The Scars Between Us is the fourth full-length album by American groove metal band Skinlab. It was released September 15, 2009, seven years after the band's previous studio album.

Track listing
 "Face of Aggression" - 3:44
 "Amphetamine Gods" - 3:22
 "Scream at the World" - 5:44
 "Wolvesblood" - 3:24
 "Karma Burns" - 6:46
 "In for the Kill" - 4:19
 "Paper Trails" - 5:55
 "Still Suffering" - 4:42
 "Bloodclot" - 1:56
 "My Vendetta" - 5:01
 "The Scars Between Us" - 5:35

Critical reception
Reviews of the album ranged from negative to mixed.

AllMusic gave a mixed review, classifying the songs as technically competent but unoriginal nu metal tracks with far too long a run-time.
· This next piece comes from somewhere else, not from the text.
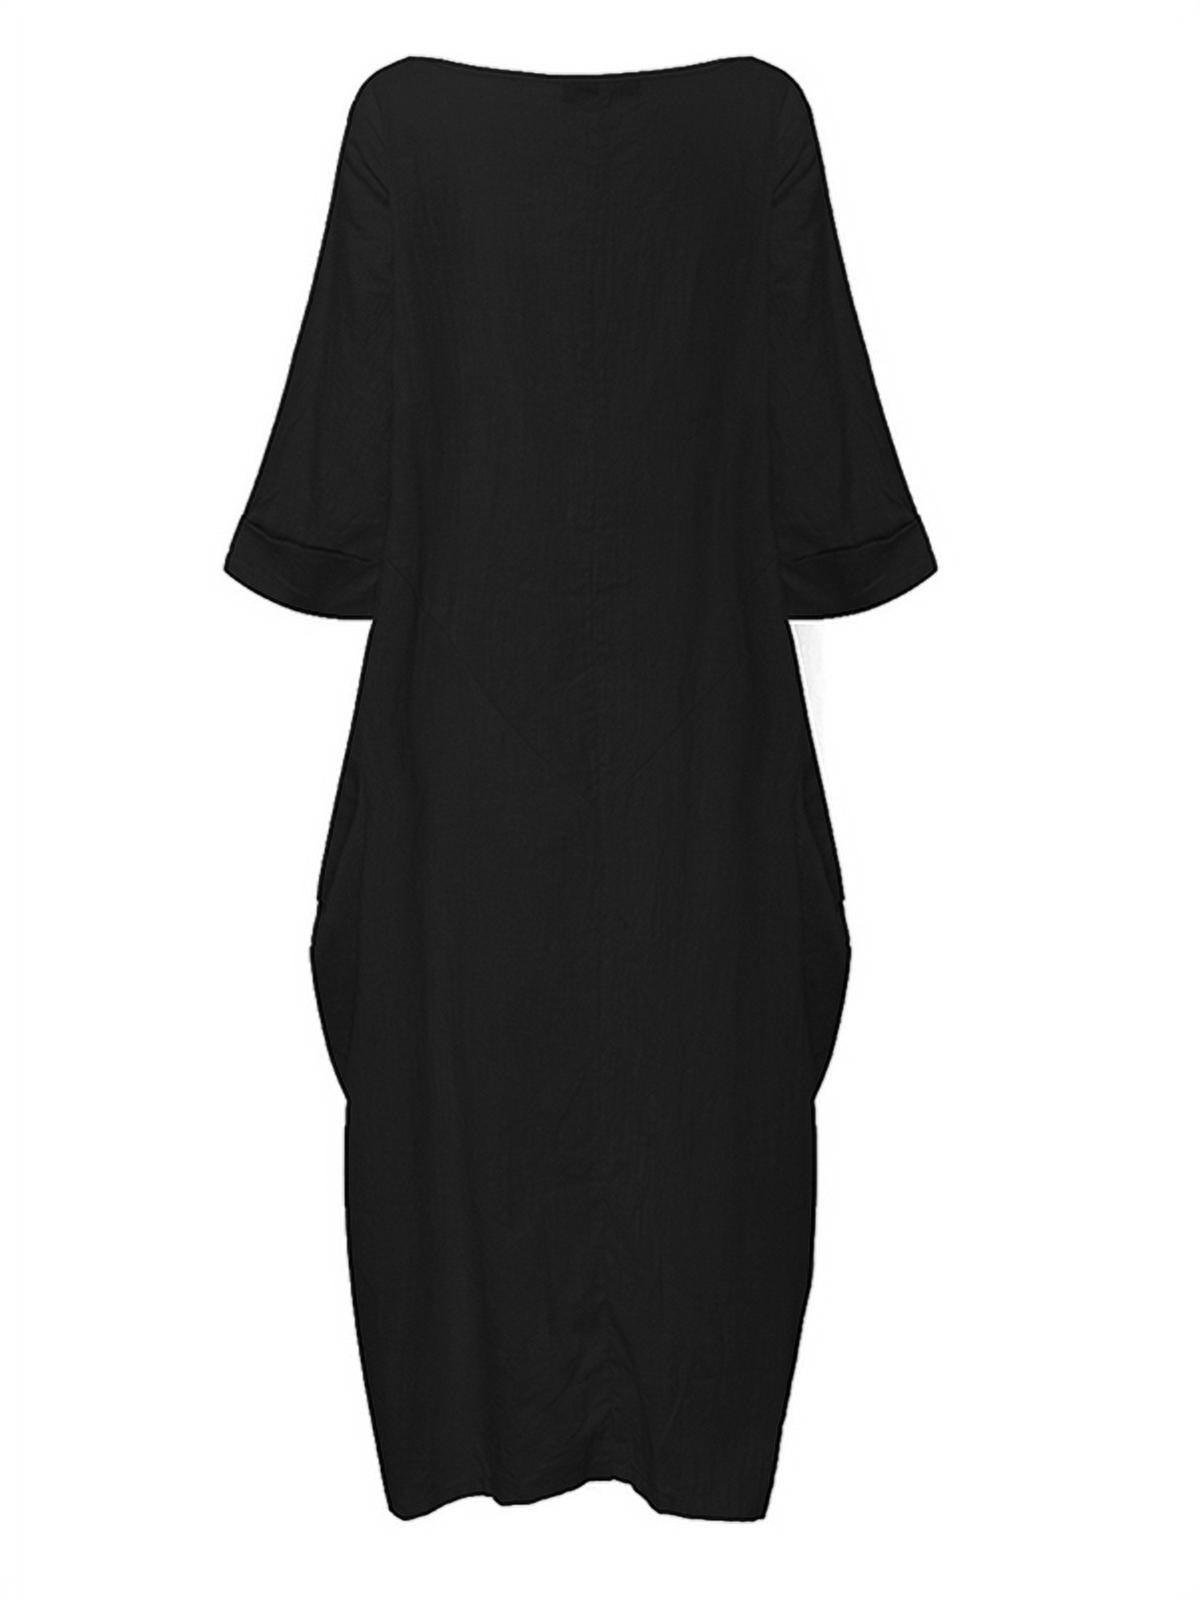 ZANZEA Womens Long Sleeve Casual Long Shirt Dresses - image 4 of 4

There were also accusations that riffs had gone far past being influenced and outright impersonated various major bands such as Metallica and Machine Head.

MetalSucks gave a negative review, again criticising the lack of originality and flagrant impersonations. The review also criticised the loss of groove seen in the band's early work, leading to a general dullness in a number of songs.

Exclaim! also gave a mixed reception of the review, judging it "moderately interesting" but once again criticised the lack of originality.